Solved: How do I generate random dataset from existing dataset

jsch · Posted 04-21-2017 08:08 AM

On SAS ver 9.4

This is a very broad question, and I hope I just need to be pointed in the right direction:)

I have a number of datasets that I need to generate examples from. The columns in the examples should contain random values that could have appeared in the original variable. So basically I want to copy the structure of the datasets, while populating the columns with random values.

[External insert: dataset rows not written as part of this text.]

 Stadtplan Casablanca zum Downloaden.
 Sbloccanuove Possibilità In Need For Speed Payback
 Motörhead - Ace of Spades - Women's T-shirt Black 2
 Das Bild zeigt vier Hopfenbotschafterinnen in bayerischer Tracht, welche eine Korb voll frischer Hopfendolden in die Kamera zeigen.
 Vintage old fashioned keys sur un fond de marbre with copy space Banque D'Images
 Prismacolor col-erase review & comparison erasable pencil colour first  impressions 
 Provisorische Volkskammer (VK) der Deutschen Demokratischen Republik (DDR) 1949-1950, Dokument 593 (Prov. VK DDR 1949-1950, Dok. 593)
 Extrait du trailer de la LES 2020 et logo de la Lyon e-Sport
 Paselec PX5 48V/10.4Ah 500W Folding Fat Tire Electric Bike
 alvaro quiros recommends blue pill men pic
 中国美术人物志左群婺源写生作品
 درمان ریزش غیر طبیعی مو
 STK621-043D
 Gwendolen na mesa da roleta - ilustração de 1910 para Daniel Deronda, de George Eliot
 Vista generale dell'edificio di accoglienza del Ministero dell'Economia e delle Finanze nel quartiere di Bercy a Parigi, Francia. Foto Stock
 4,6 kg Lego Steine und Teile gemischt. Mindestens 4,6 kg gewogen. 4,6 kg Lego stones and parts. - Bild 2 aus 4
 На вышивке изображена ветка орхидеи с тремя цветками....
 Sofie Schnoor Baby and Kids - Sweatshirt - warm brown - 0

My primary challenge is the scale. I have 20+ data sets with as many as 100 variables that can contain dates, character or numerical values. Hence, I would love to have a piece of code that is easy to apply to different datasets.

Regards

Jeppe

Ksharp · Posted 04-23-2017 06:28 AM

That might be very easy for IML code. Make a macro to go through all your datasets.

data have;
infile cards expandtabs truncover;
 input var1	$ var2	var3 : date9. var4 $;
 format var3 date9.;
cards;
M		1		31aug2016 x 
F		2		01sep2016 f
M		3		02sep2016 g
F		4		03sep2016 h
;
run;

proc iml;
use have nobs nobs;
read all var _num_ into x[c=vname_num];
read all var _char_ into y[c=vname_char];

read all var _num_ into x1;
read all var _char_ into y1;
close;

 do j=1 to ncol(x);
  x1[,j]=t(sample(x[,j],nobs));
 end;

 do j=1 to ncol(y);
  y1[,j]=t(sample(y[,j],nobs));
 end;


create num from x1[c=vname_num];
append from x1;
close;
create char from y1[c=vname_char];
append from y1;
close;
quit;

data temp;
 merge char num;
run;

data want;
 set have;
 stop;
run;
proc append base=want data=temp force;
run;

View solution in original post

RW9 · Posted 04-21-2017 08:39 AM

Posting example test data in the form of a datastep, and what the output should look like would be a good start. Does it need to be actual values like in the data - i.e. what about character, code lists etc. do these have to match. Why not just x the data, such like:

if character then output X to the length of variable

if numeric then output 0 to the length of the variable including . if float

So:
Var1 Var2 Var3

XXXX 0.00 000

That would be far easier than trying to create lists of valid values on all those columns, then randomising it, then populating.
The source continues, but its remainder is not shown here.